17 June 2023 08:05
Mantan menteri luar negeri Hassan Wirajuda menilai pengakuan Perdana Menteri Belanda atas Kemerdekaan Republik Indonesia 17 Agustus 1945 kali ini merupakan langkah mundur dan tidak tulus. Lantaran Belanda menggunakan standar ganda dalam memaknai kemerdekaan Republik Indonesia dalam konteks pengakuan atas Proklamasi Kemerdekaan 17 Agustus.
"Kalau kita baca secara rinci dalam statement Perdana Menteri Rutte dan juru bicaranya itu tidak tulus. Pernyataan mengakui kemerdekaan disertai berbagai kualifikasi yang pada akhirnya menegasi pernyataan itu sendiri," kata Hassan di Primetime News Metro TV, Jumat 16 Juni 2023.
Hassan menyebut negara-negara penjajah dalam lima tahun belakang banyak menengok kembali sejarah. Ia menilai Belanda tidak seperti negara-negara penjajah lain di Eropa yang meminta maaf dan membayar gant rugi terhadap negara yang dijajah.
"Jerman terhadap Namibia berujung permintaan maaf dan ganti rugi. Inggris juga terhadap kejahatan kemanusiaan di Kenya pada 60-an juga berujung permintaan maaf. Demikian juga Belgia. Jadi, dibandingkan koleganya di negara-negara Barat yang juga sama-sama penjajah, Belanda ini telat," tuturnya.

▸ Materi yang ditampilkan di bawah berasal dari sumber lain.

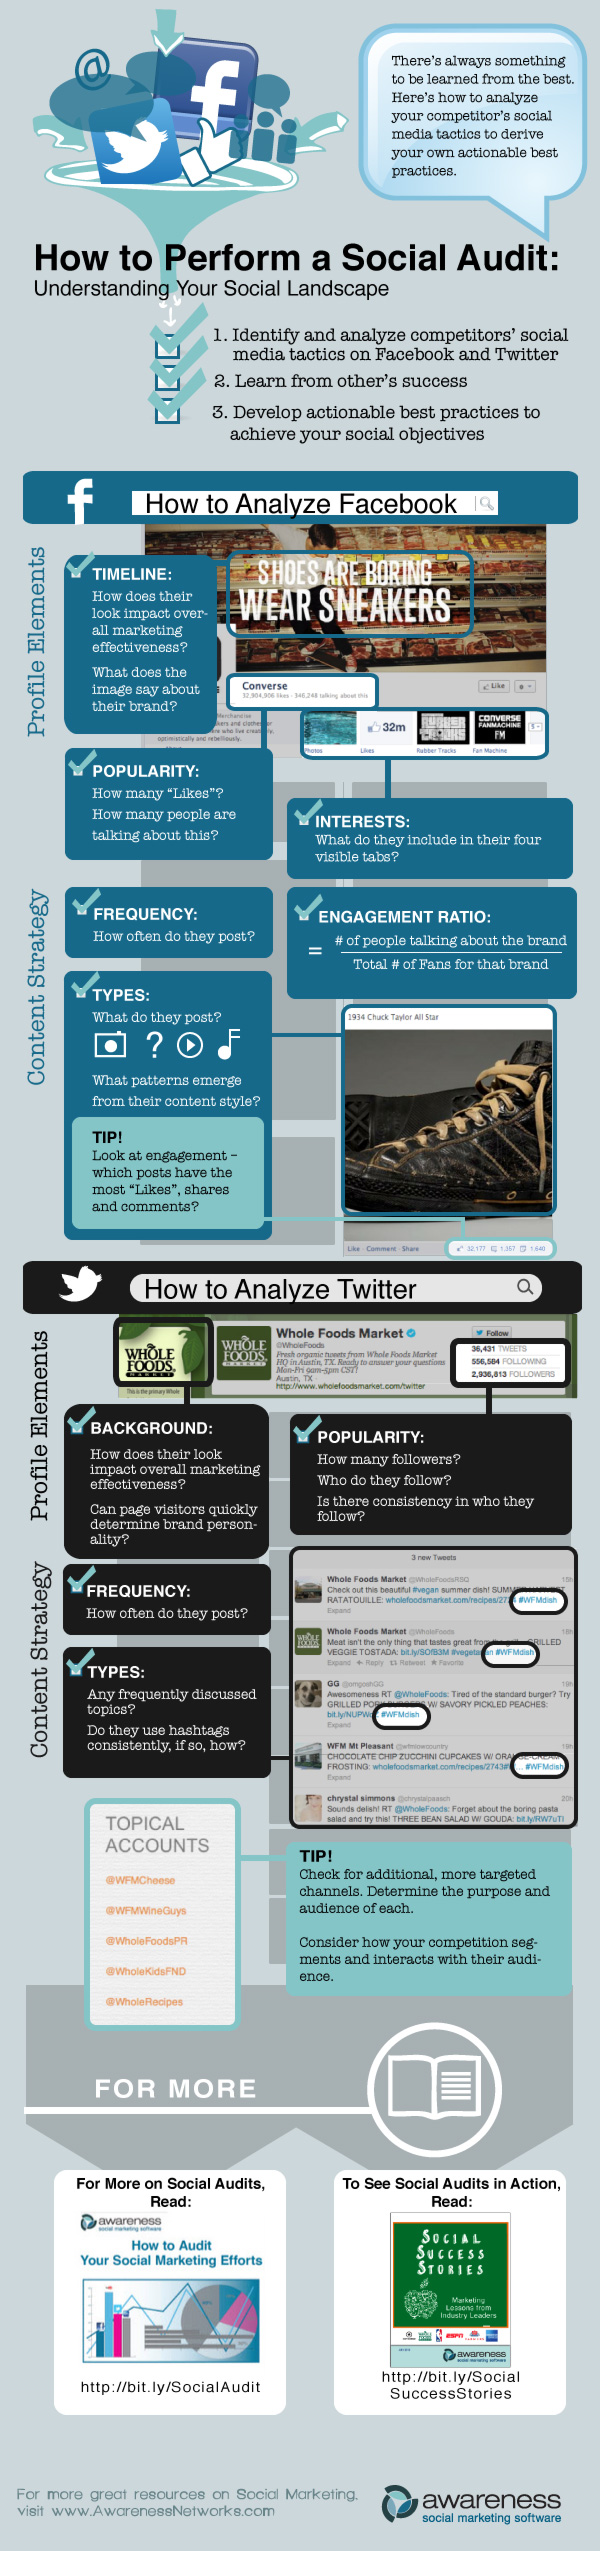 social audits infographic final resized 600

Pengakuan Perdana Menteri Belanda, Mark Rutte, tentang kemerdekaan Indonesia pada 17 Agustus 1945 itu sebenarnya bukan hal baru. Sebab pada 16 Agustus 2005 atau sehari sebelum peringatan 60 tahun Proklamasi Kemerdekaan Indonesia, pengakuan serupa pernah disampaikan Menteri Luar Negeri Belanda, Bernard Rudolf Bot.

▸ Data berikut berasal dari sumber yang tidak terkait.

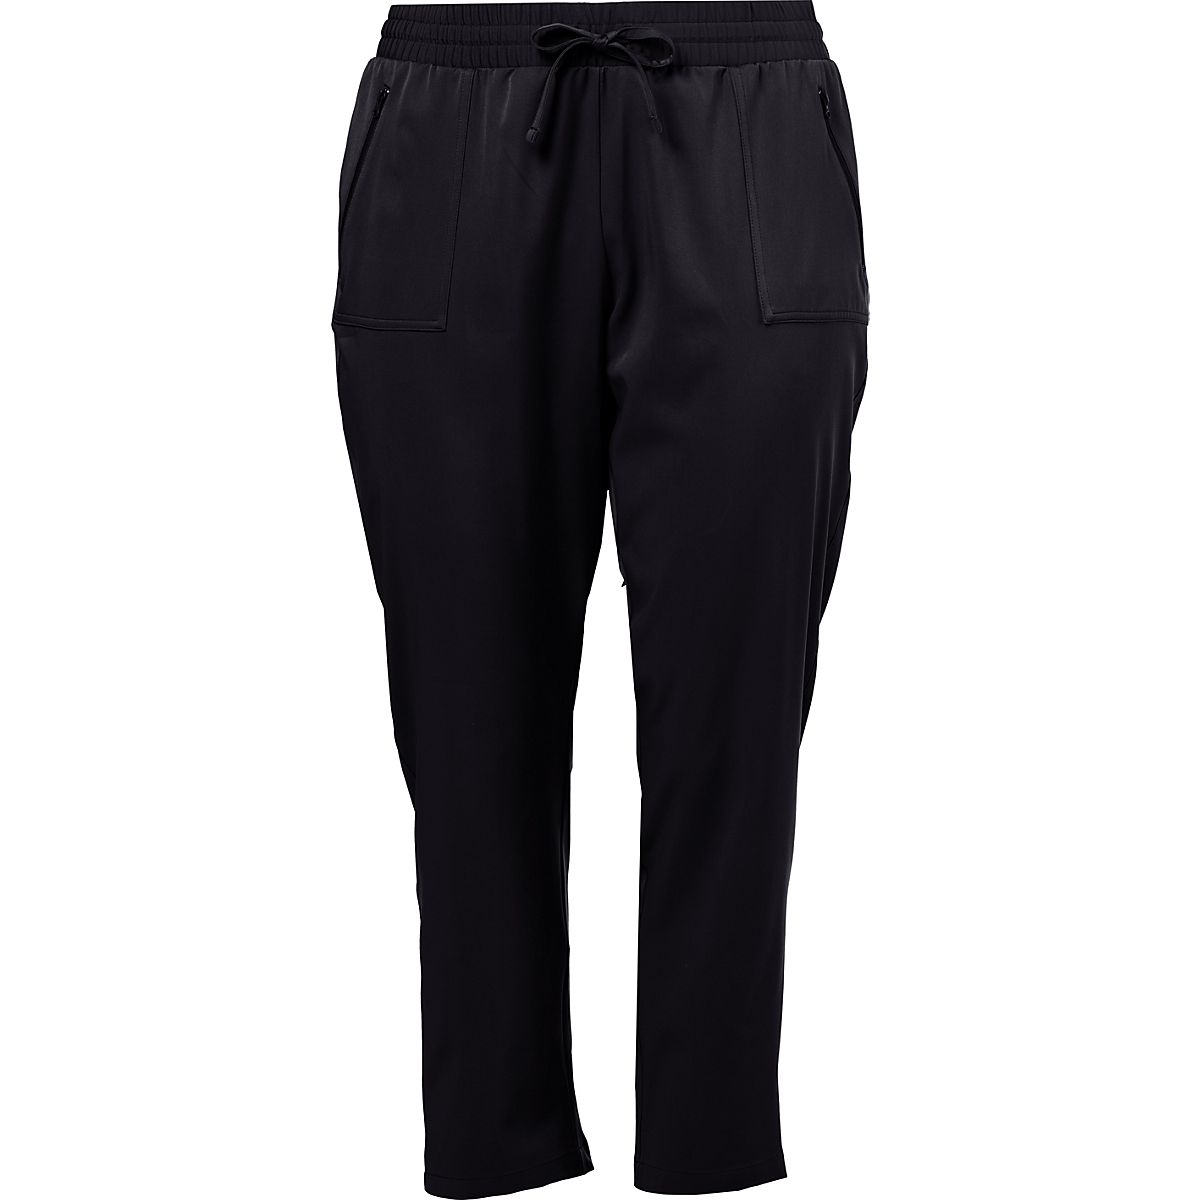 Magellan Outdoors Women's Lost Pines Stretch Plus Size Travel

Dalam pidato di Gedung Departemen Luar Negeri di Jakarta, Ia mengatakan secara moral dan politik Belanda mengakui Indonesia merdeka pada 17 Agustus 1945. Bot juga menghadiri upacara kenegaraan peringatan hari ulang tahun ke-60 Kemerdekaan RI pada 17 Agustus 2005 di Istana Negara, Jakarta. Sekaligus menjadi pejabat Belanda pertama yang menghadiri peringatan kemerdekaan RI.